From the line containing "First-A5155 Sanitär keramik" down to the last line of the listing, quote everything word for word, and nothing else, keeping pictures out.

[Collected material — start]

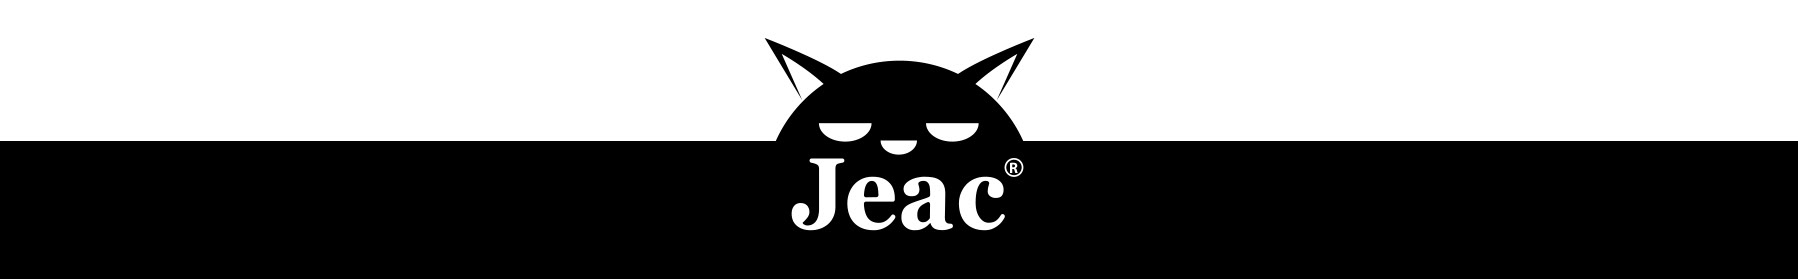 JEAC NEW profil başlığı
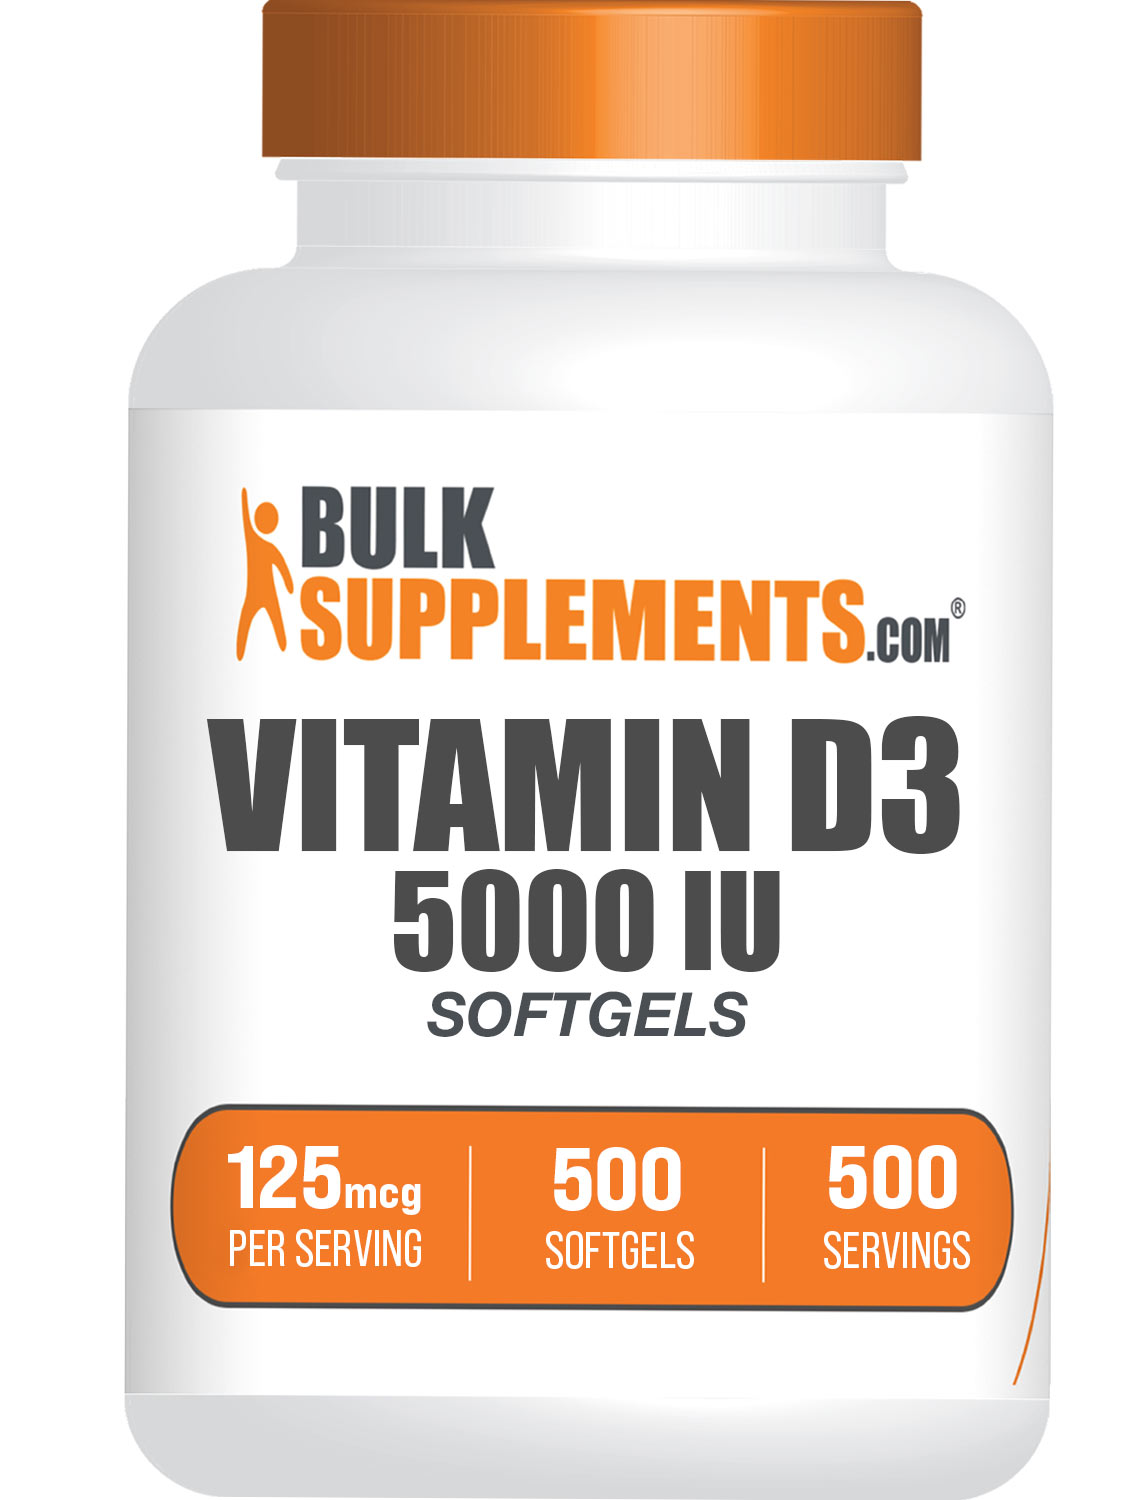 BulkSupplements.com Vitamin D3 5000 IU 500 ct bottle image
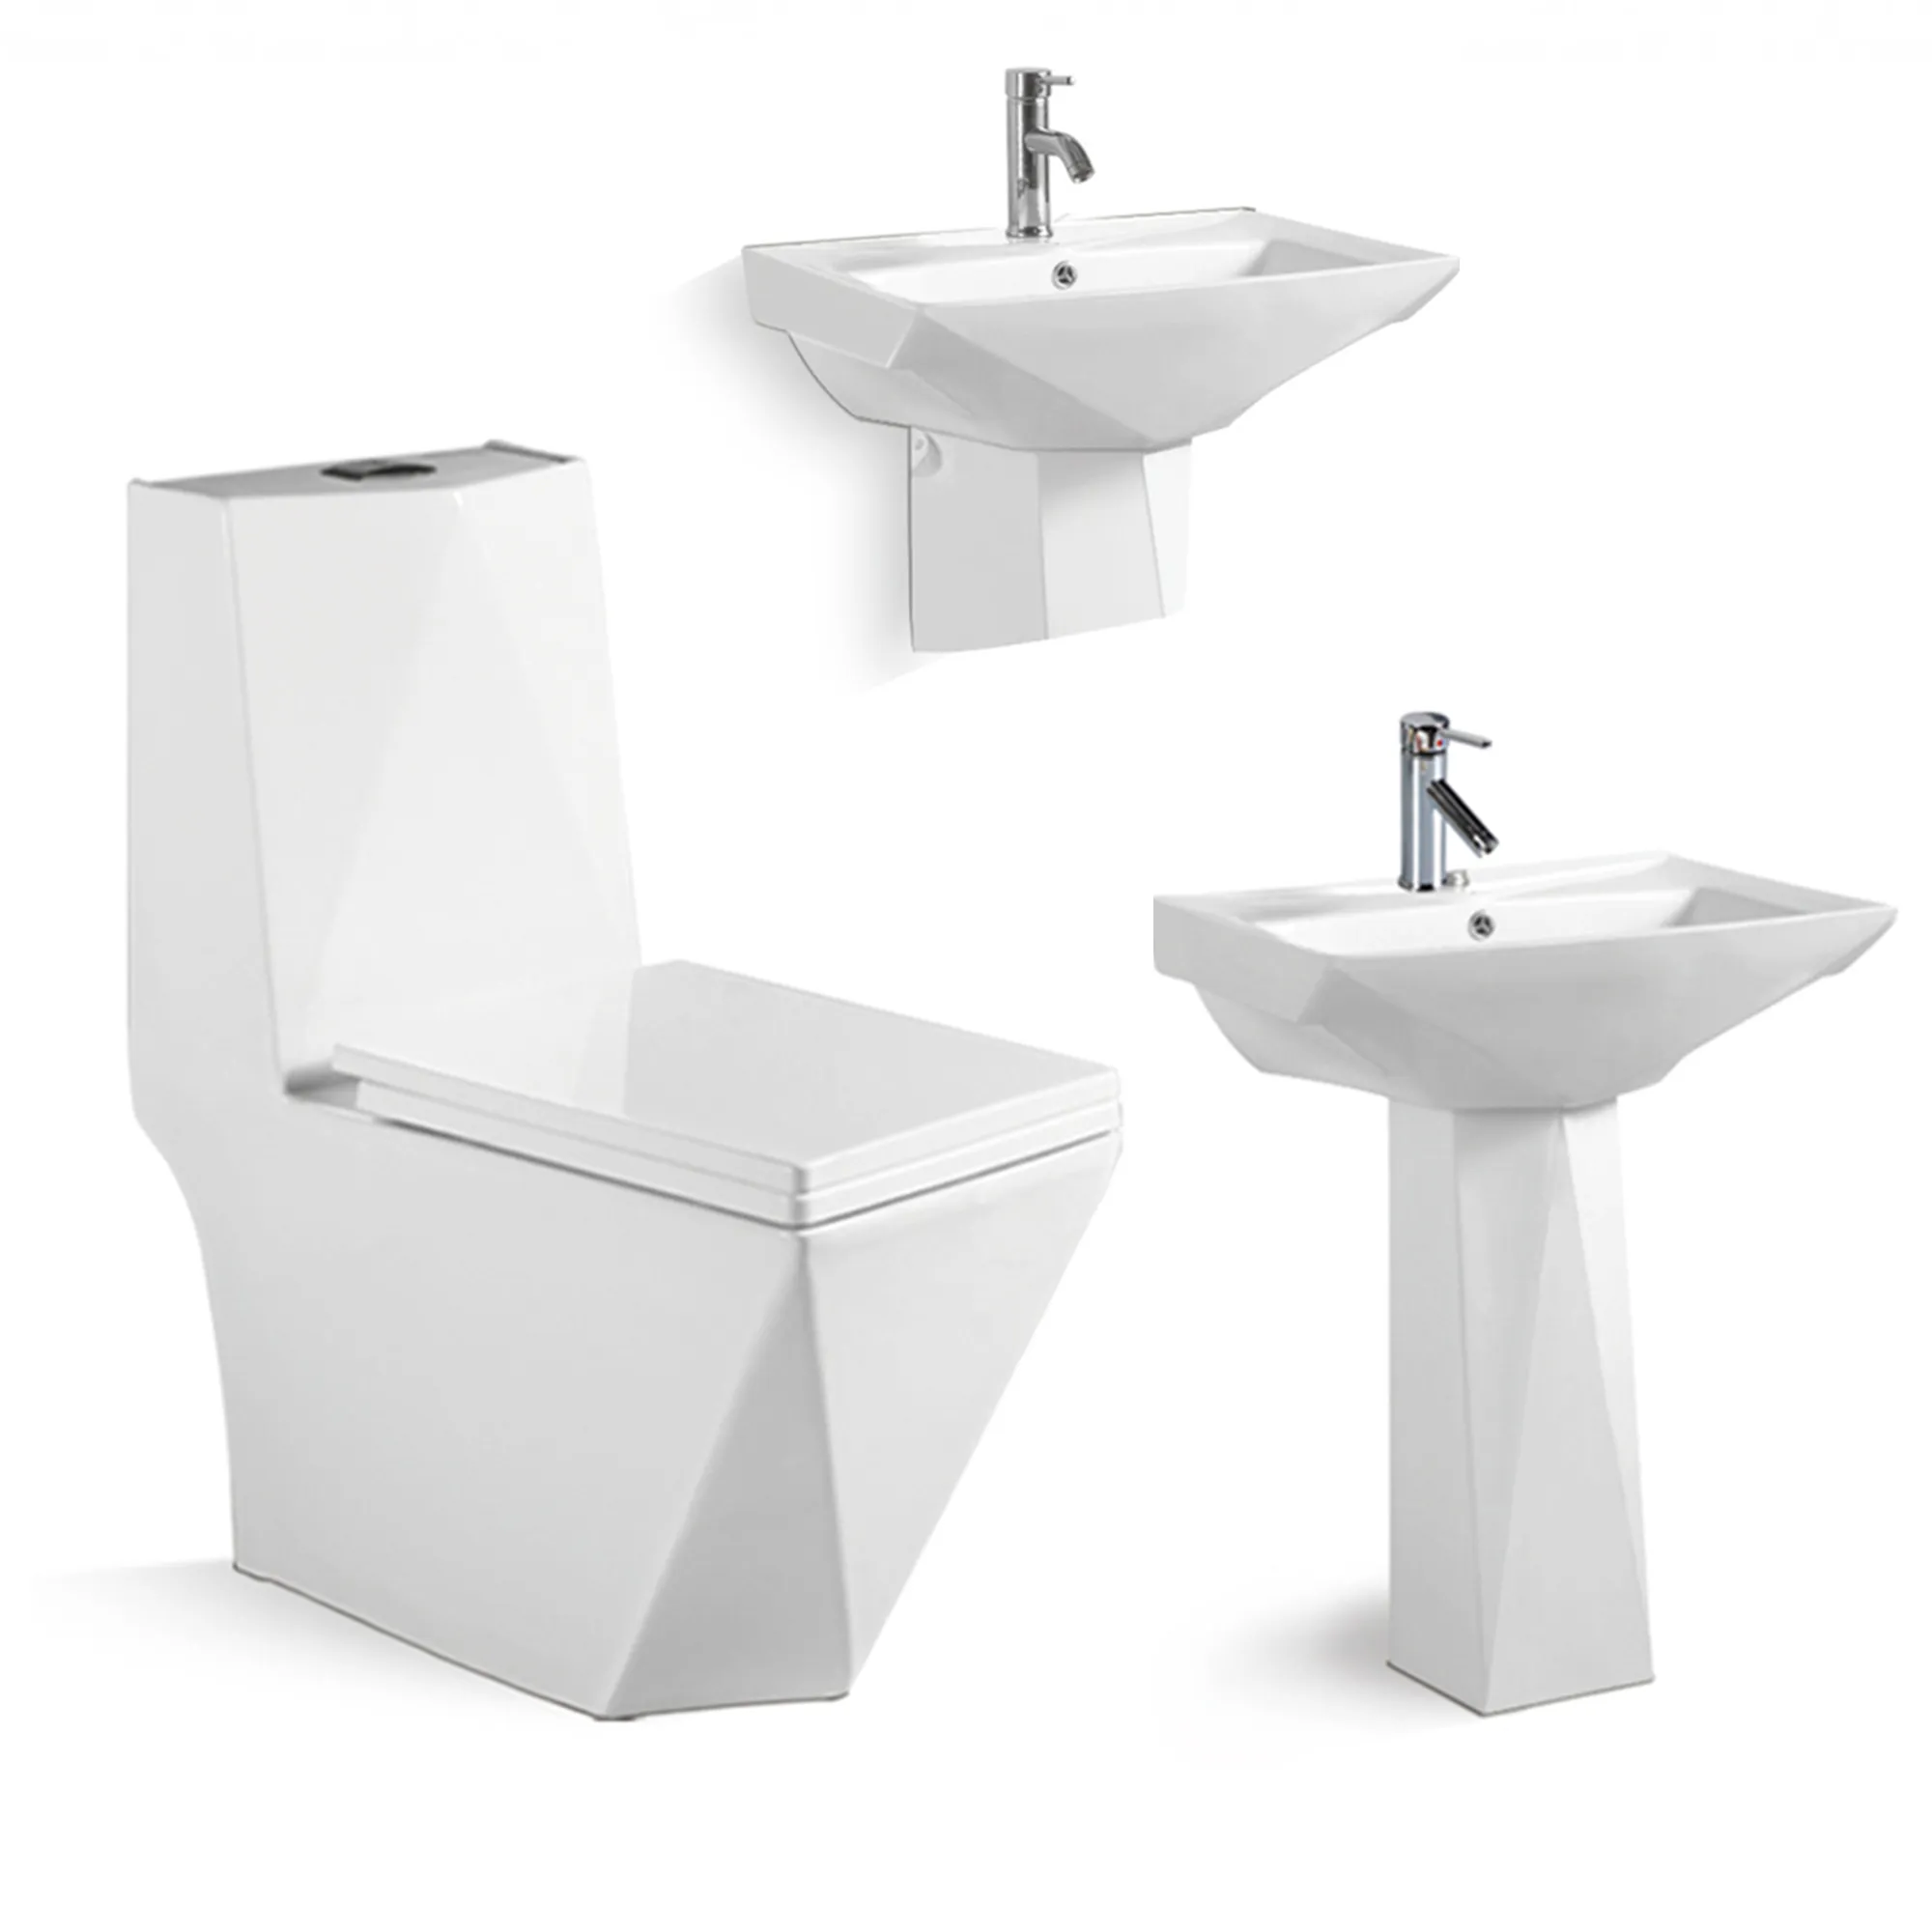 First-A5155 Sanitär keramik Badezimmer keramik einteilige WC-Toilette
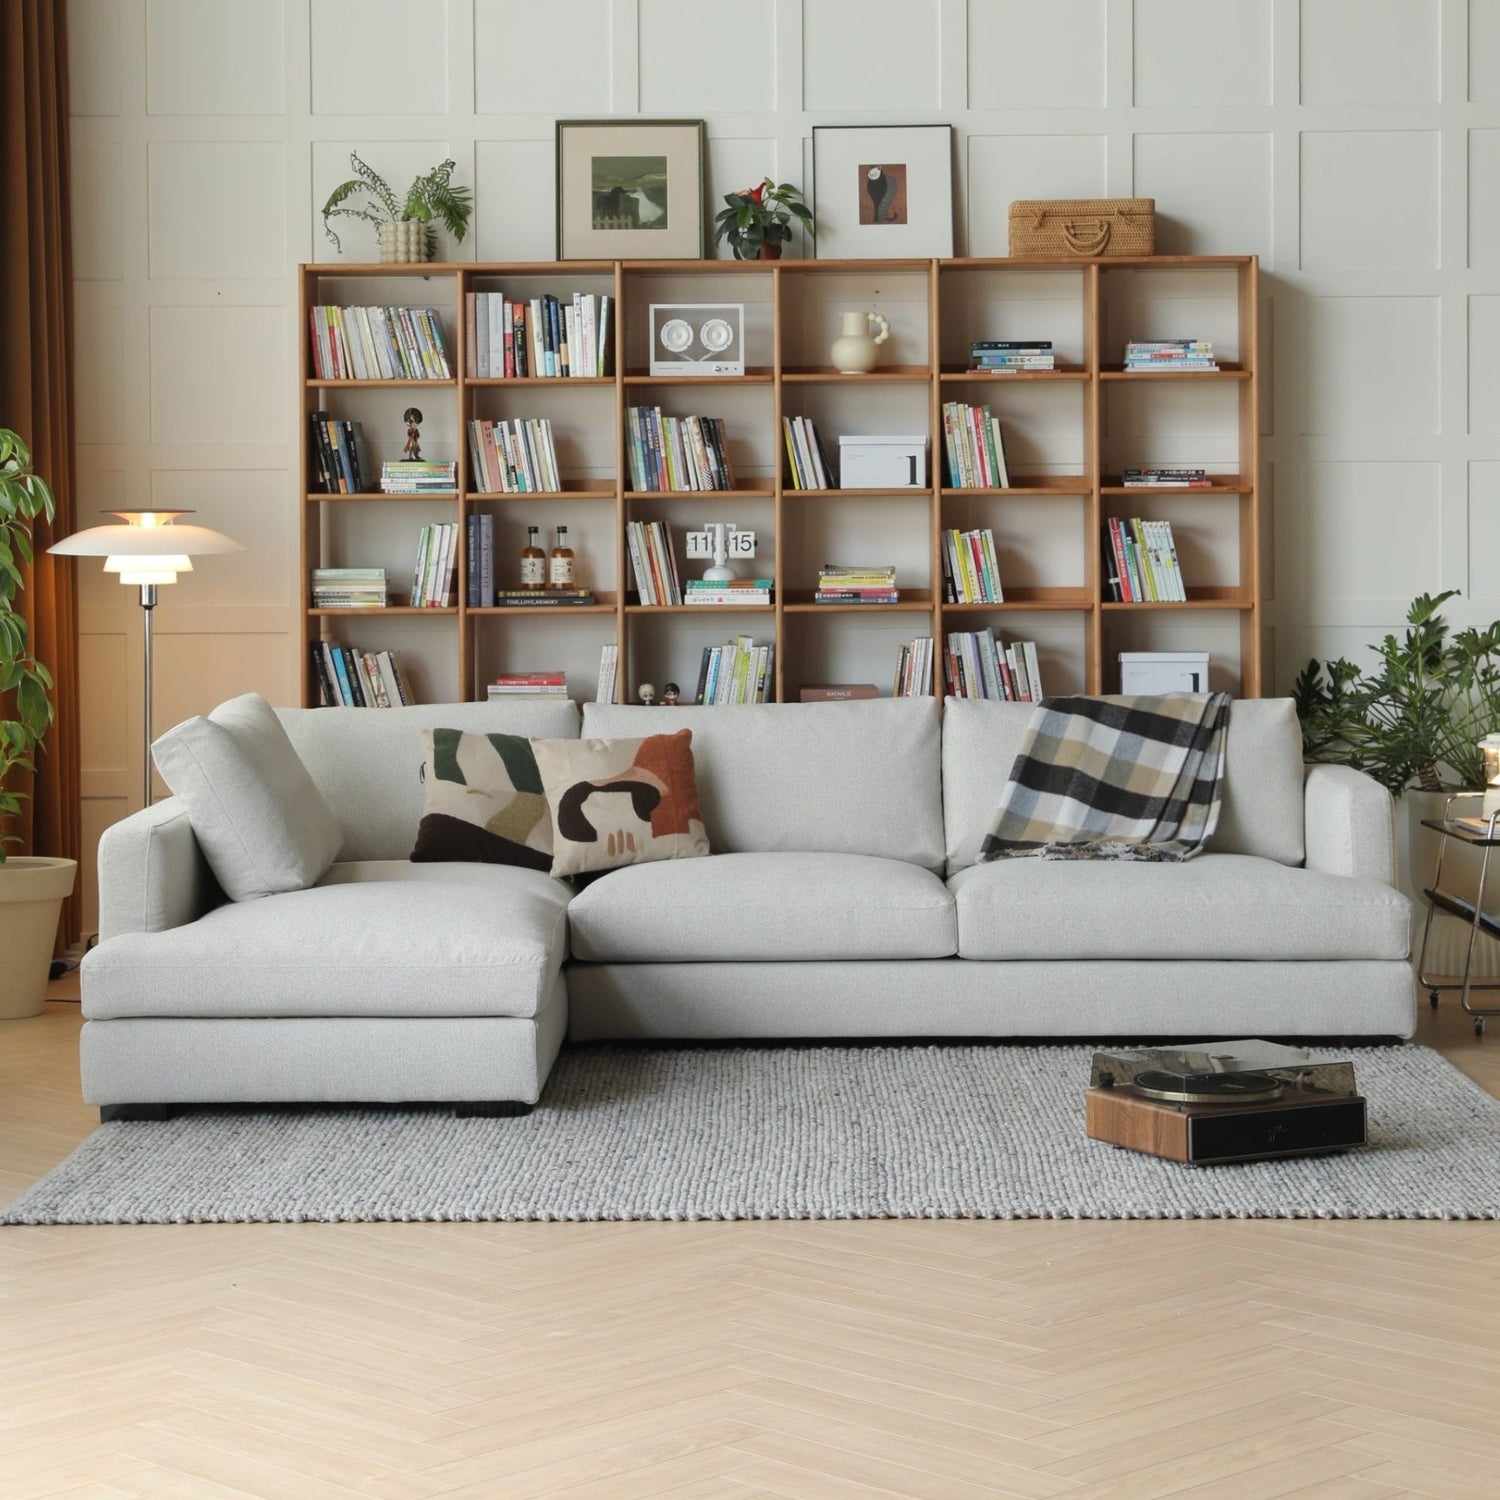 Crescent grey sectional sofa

[Collected material — finish]

> Solution to this exercise
 First-A5155 Sanitär keramik Badezimmer keramik einteilige WC-Toilette
 Crescent grey sectional sofa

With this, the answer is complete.